For a system with a classical potential energy *E*\ (\ *q*\ ), the RPMD
Hamiltonian is given by


.. math::
   H=\sum _{k=1}^{n}\left(\frac{{p}_{{k}^{2}}}{2m}+E({q}_{k})+\frac{m({k}_{B}Tn)^{2}}{2\hbar^{2}}({q}_{k}-{q}_{k-1})^{2}\right)


This Hamiltonian resembles that of a system of classical ring polymers where
different copies of the system are connected by harmonic springs.  Hence each
copy of the classical system is commonly referred to as a “bead”.  The spread of
the ring polymer representing each particle is directly related to its De
Broglie thermal wavelength (uncertainty in its position).

RPMD calculations must be converged with respect to the number *n* of beads
used.  Each bead is evolved at the effective temperature *nT*\ , where *T*
is the temperature for which properties are required.  The number of beads
needed to converge a calculation can be estimated using\ :cite:`Markland2008`


.. math::
   n>\frac{\hbar\omega_{max}}{{k}_{B}T}


where :math:`\omega_{max}` is the highest frequency in the problem.  For example, for
flexible liquid water the highest frequency is the OH stretch at around 3000
cm\ :sup:`-1`\ , so around 24 to 32 beads are needed depending on the accuracy
required.  For rigid water where the highest frequency is only around 1000
cm\ :sup:`-1`\ , only 6 beads are typically needed.  Due to the replication needed
of the classical system, the extra cost of the calculation compared to a
classical simulation increases linearly with the number of beads used.
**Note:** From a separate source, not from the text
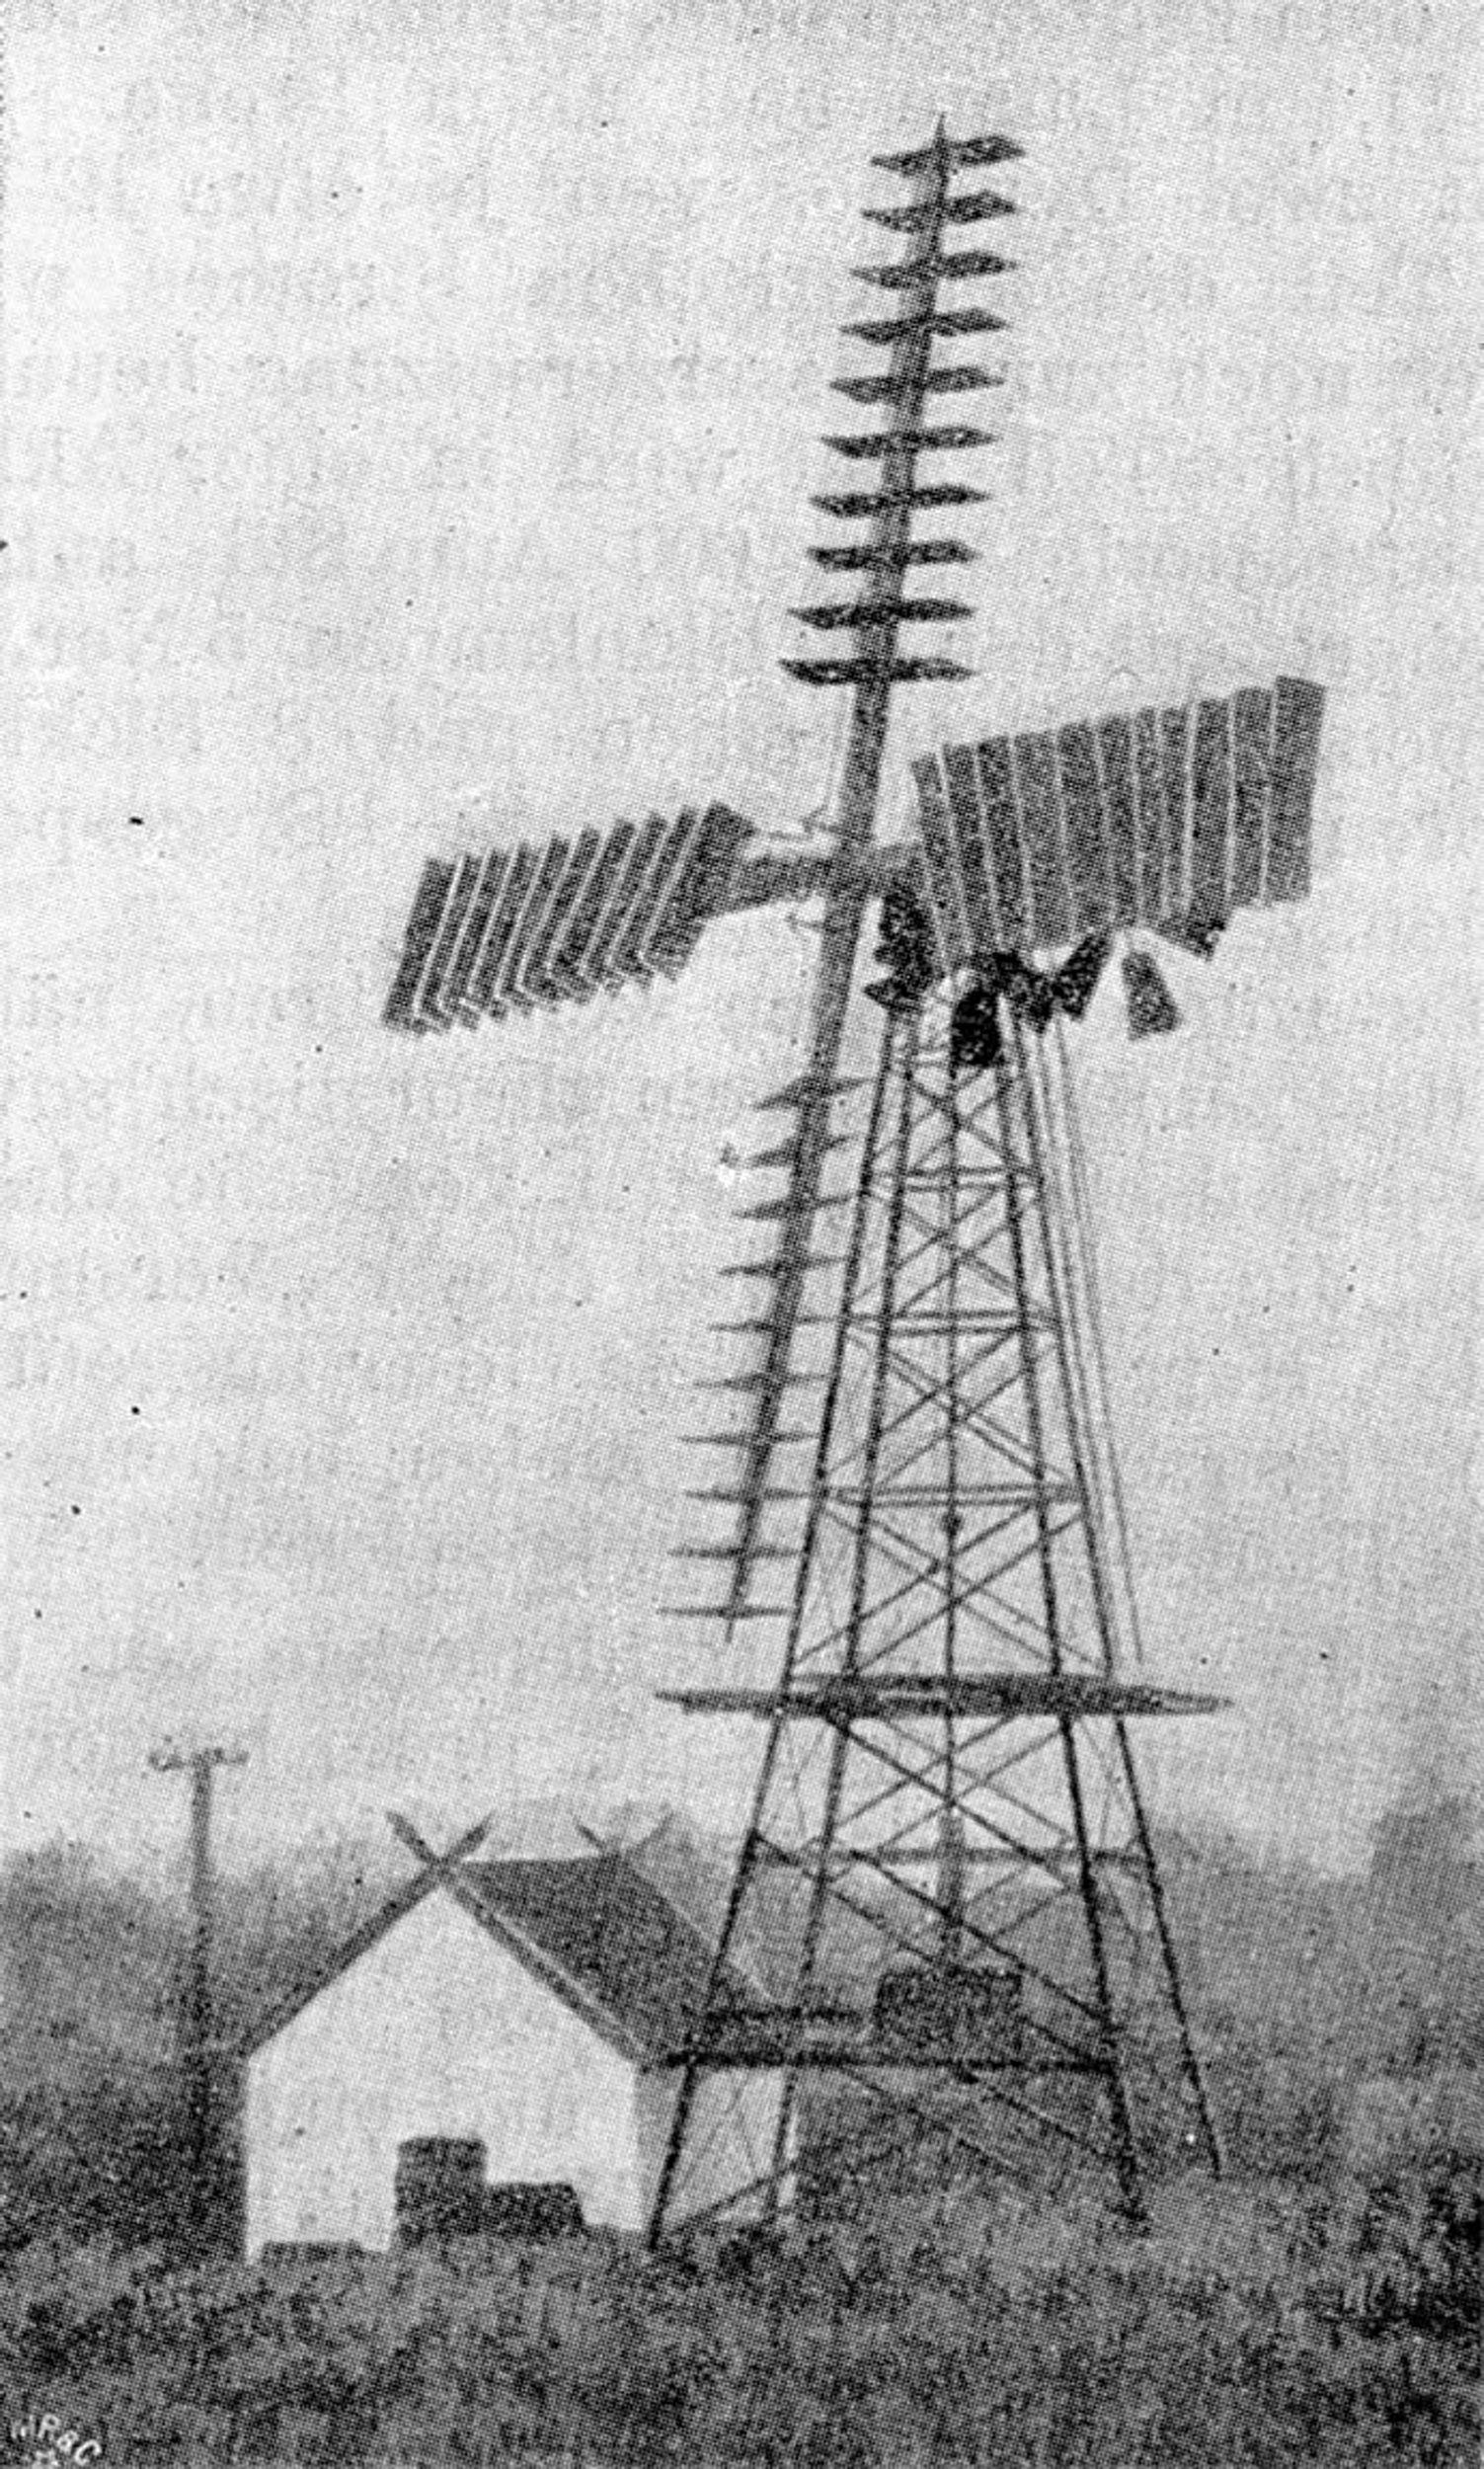 Windkraft Pioniere - Windrad in Vallekilde, Dänemark

This cost can be reduced by “contracting” the ring polymer to a smaller number
of beads.\ :cite:`Markland2008`  The rapidly changing forces are then computed
for the full number of beads, while slower changing forces are computed on a
smaller set.  In the case of flexible water, for example, a common arrangement
would be to compute the high frequency bonded forces on all 32 beads, the direct
space nonbonded forces on only 6 beads, and the reciprocal space nonbonded
forces on only a single bead.

Due to the stiff spring terms between the beads, NVE RPMD trajectories can
suffer from ergodicity problems and hence thermostatting is highly recommended,
especially when dynamical properties are not required.\ :cite:`Hall1984`  The
thermostat implemented here is the path integral Langevin equation (PILE)
approach.\ :cite:`Ceriotti2010`  This method couples an optimal white noise
Langevin thermostat to the normal modes of each polymer, leaving only one
parameter to be chosen by the user which controls the friction applied to the
center of mass of each ring polymer.  A good choice for this is to use a value
similar to that used in a classical calculation of the same system.